Je suis fort étonnée, Madame, des motifs de votre pétition.
Vous devriez pourtant savoir que les femmes peuvent d'ores et déjà accepter une résidence alternée y compris pour leur nouveau-né !

Si vous ne militiez pas autant dans des associations de pères dont, pour la plupart, la paternité laisse à désirer, c'est le moins qu'on puisse dire, vous auriez lu le rapport du ministère de la justice (novembre 2013) qui indique que dans 100 % des séparations amiables, 84 % des situations de séparations contentieuses, si les mères ont essentiellement la garde des enfants c'est avec la BENEDICTION du papa !!!
Et dans les divorces conflictuels, les pères obtiennent le double de gardes totales, des résidences a ou des droits de visite et hébergement élargis appelés dans les pays anglo-saxons "gardes physiques partagées".

RA http://www.rue89.com/2013/11/27/residence-enfants-apres-separation-93-peres-entendus-247924

Mais il reste une interrogation : pourquoi n'assumez-vous pas clairement et officiellement votre parti pris pro-pères ?

Je ne doute pas que vous supprimerez mon commentaire !

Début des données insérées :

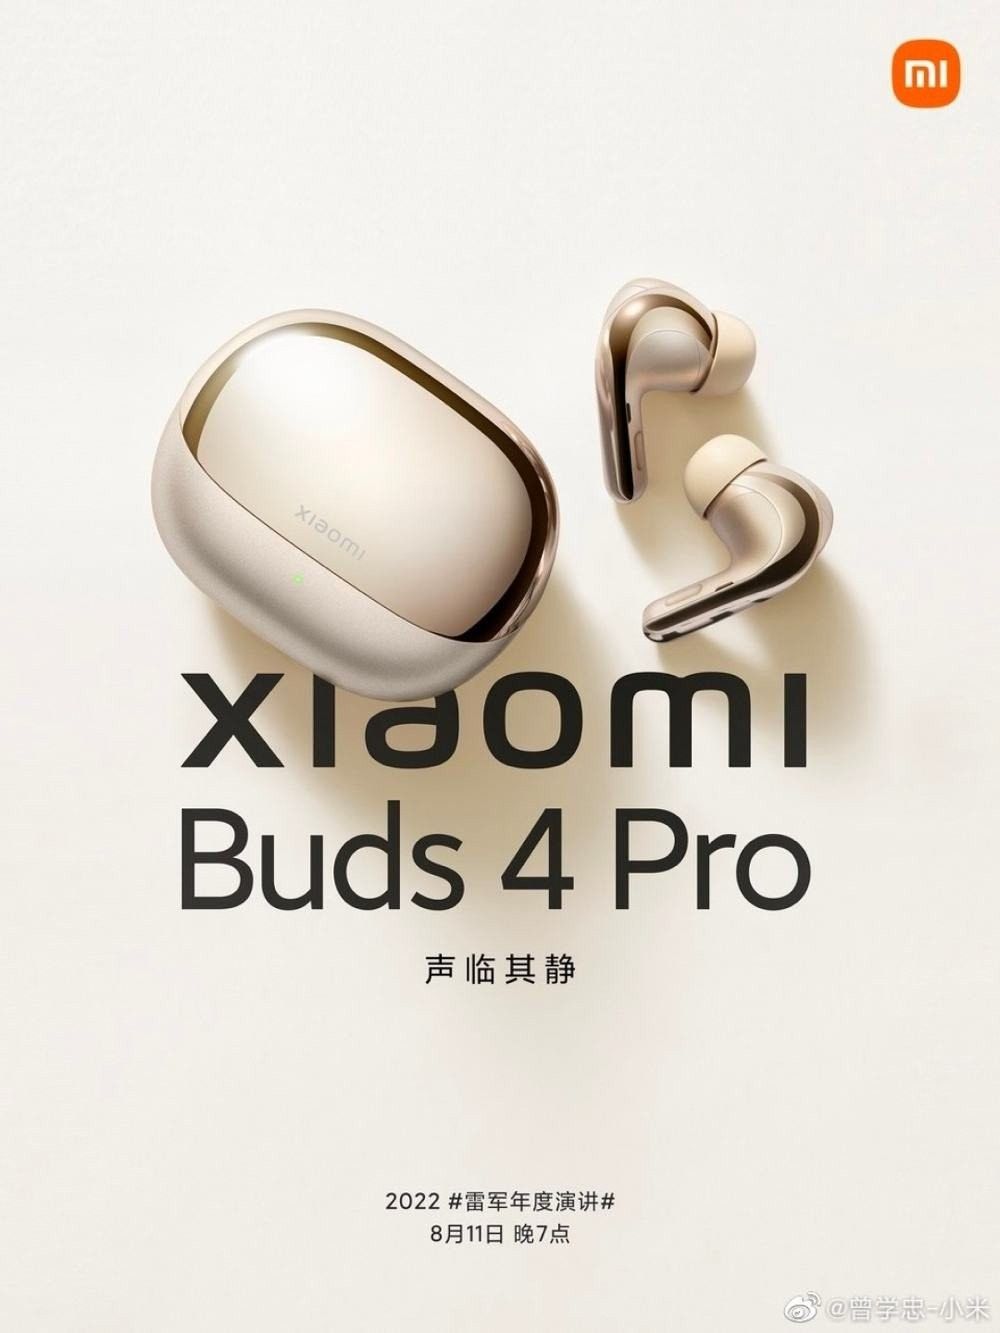 Xiaomi MIX Fold 2: Τα πρώτα στοιχεία για το νέο foldable που παρουσιάζεται αύριο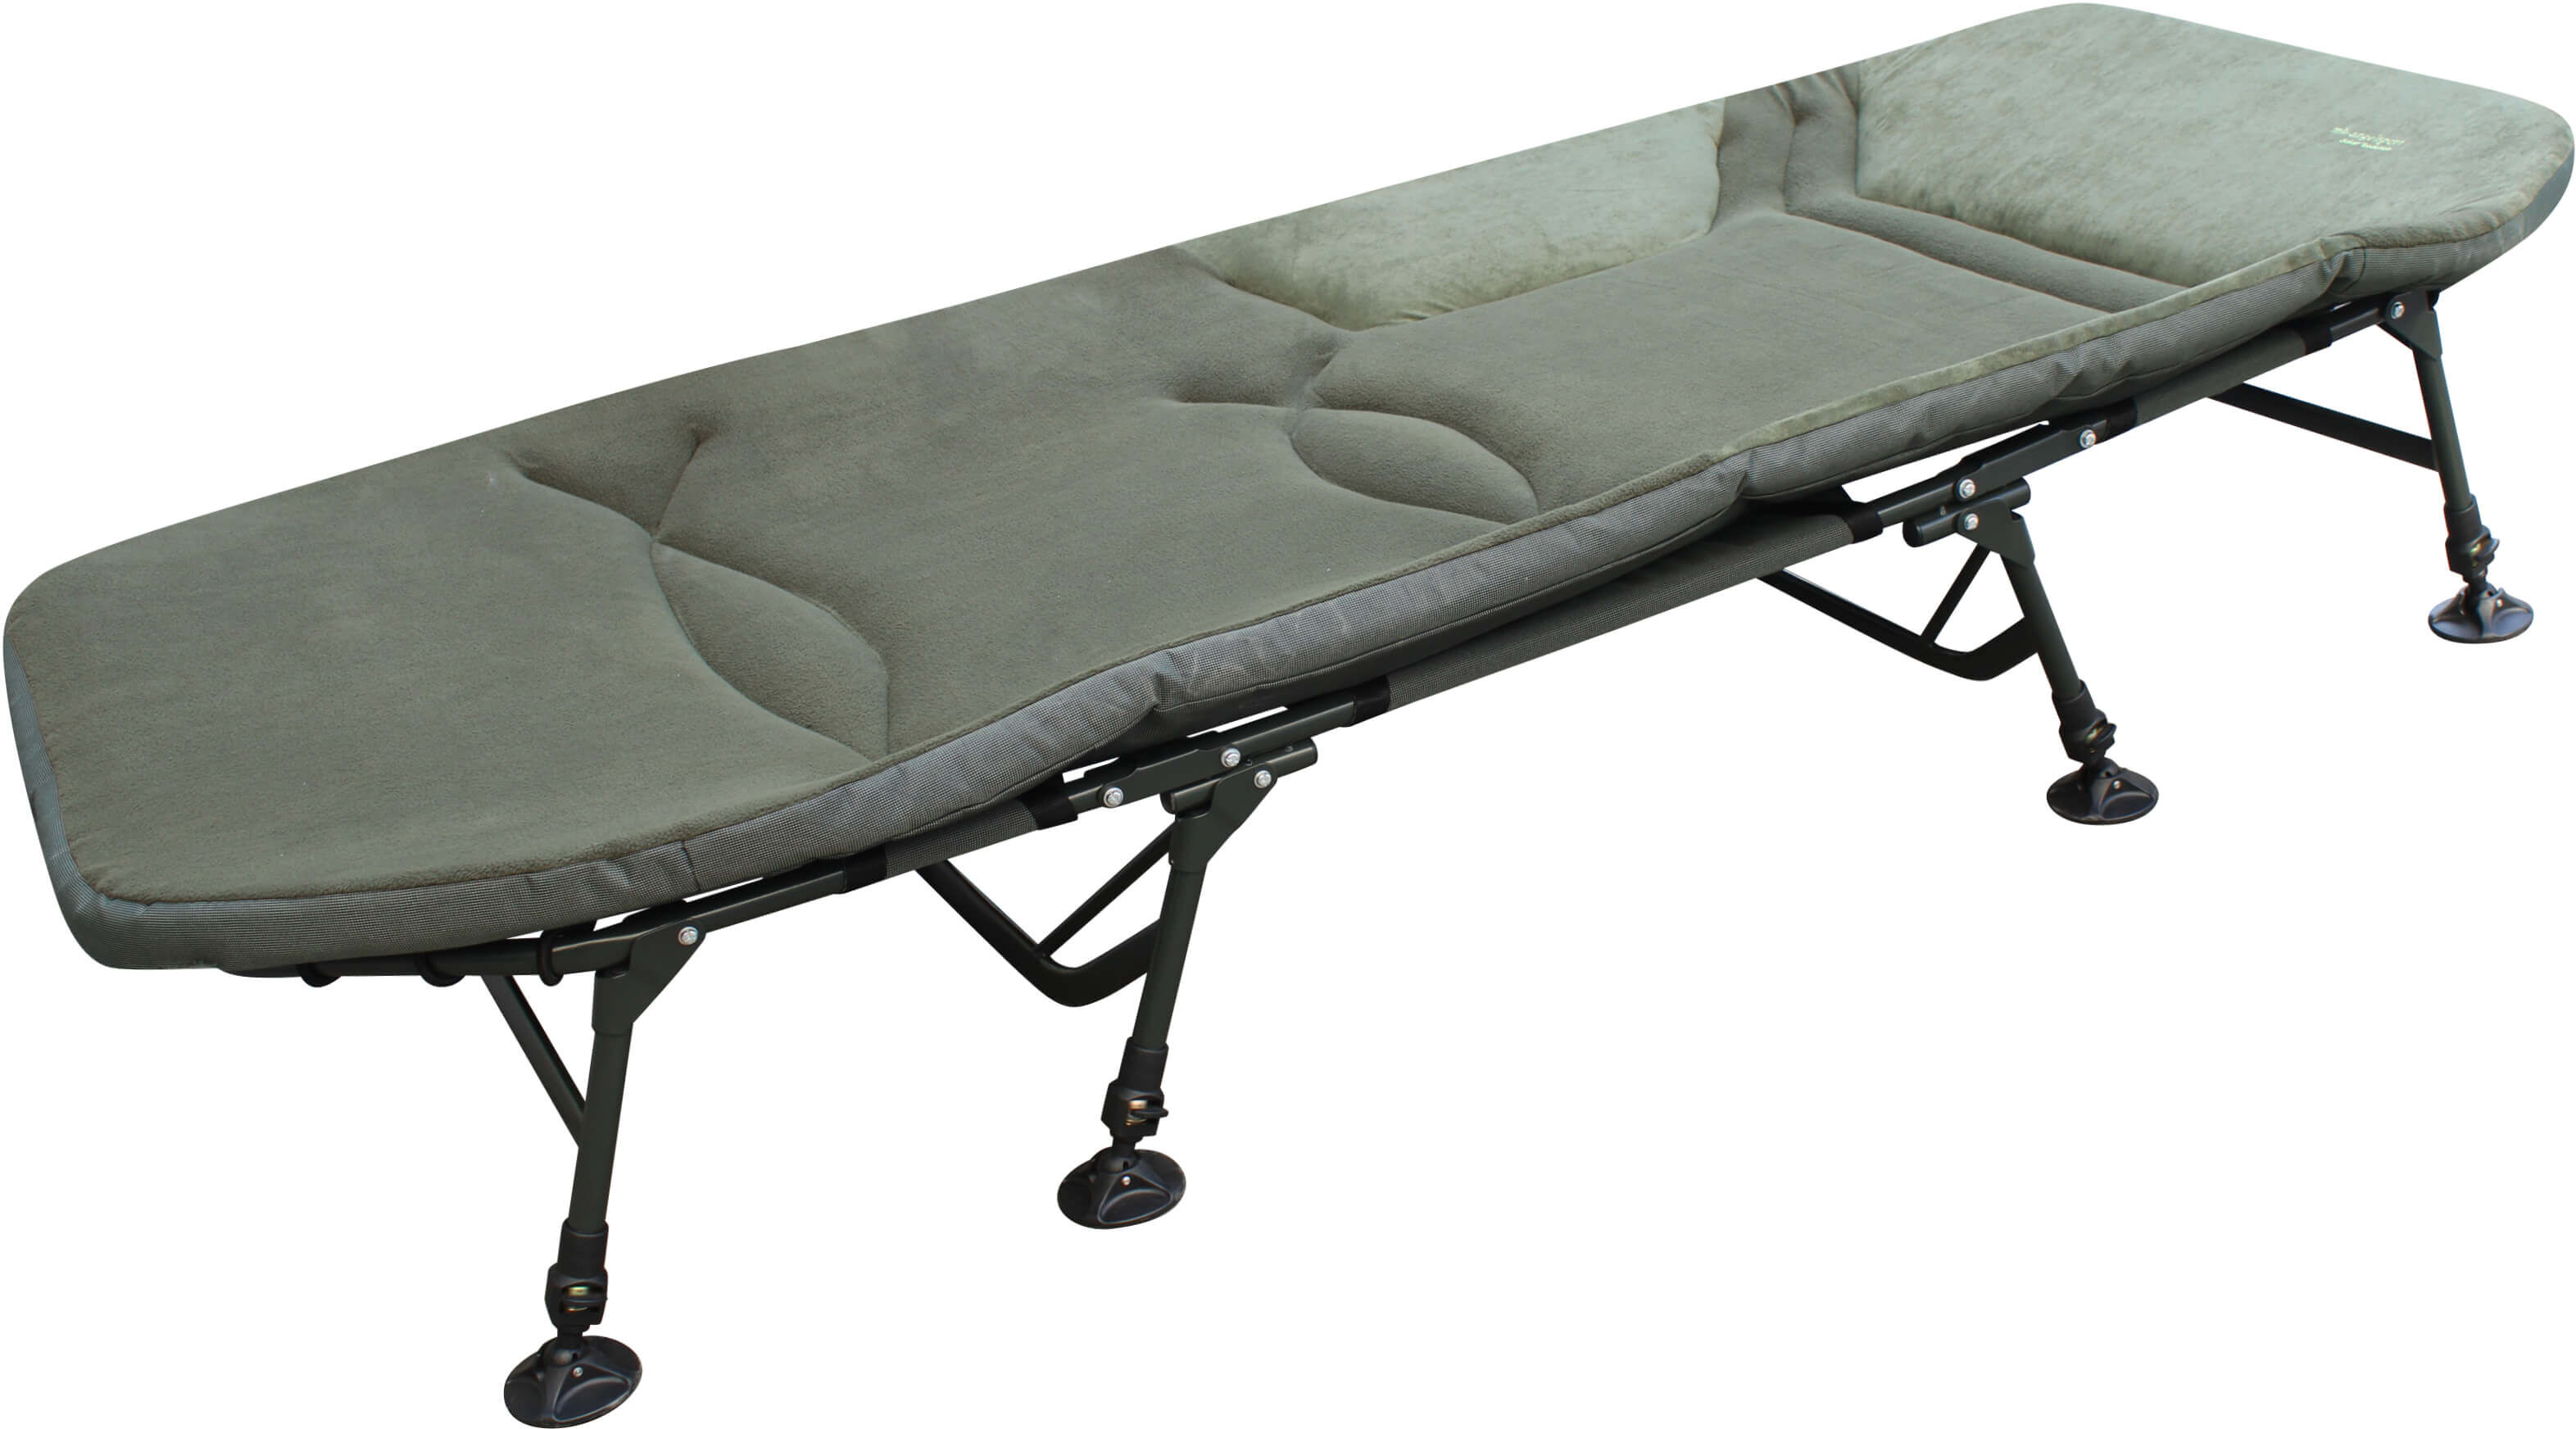 Die Giant liege besitzt eine ähnlich abnehmbare Matratze wie das Chub Vantage Bedchair. Die Matratzenliege kann wie beim der Fox Flatliner Camo Liege entfernt werden.

Fail Jather 08/03/2017 16:51

Vous devez vivre dans le monde des bisounours chère madame... Et votre propos est tout simplement mensonger.
Vous savez très bien qu'il suffit qu'une mère crée, alimente un pseudo-conflit pour couper court à la demande du père de s'investir. Et si cela ne suffit pas, une accusation mensongère sonnera définitivement l'exclusion du père qui voulait simplement et tout naturellement être présent, participer à l'éducation de son enfant et pouvoir l'aimer.. !

Je ne vois pas de parti pro-père à vouloir permettre à un enfant, a priori, d'être élevé et aimé par ses deux parents. Par contre je vois un parti pris "exclusion parentale" à penser que les père sont, à priori, violents et/ou démissionnaires...
Ayez le courage de leur donner une vraie chance avant de tenir de tels propos!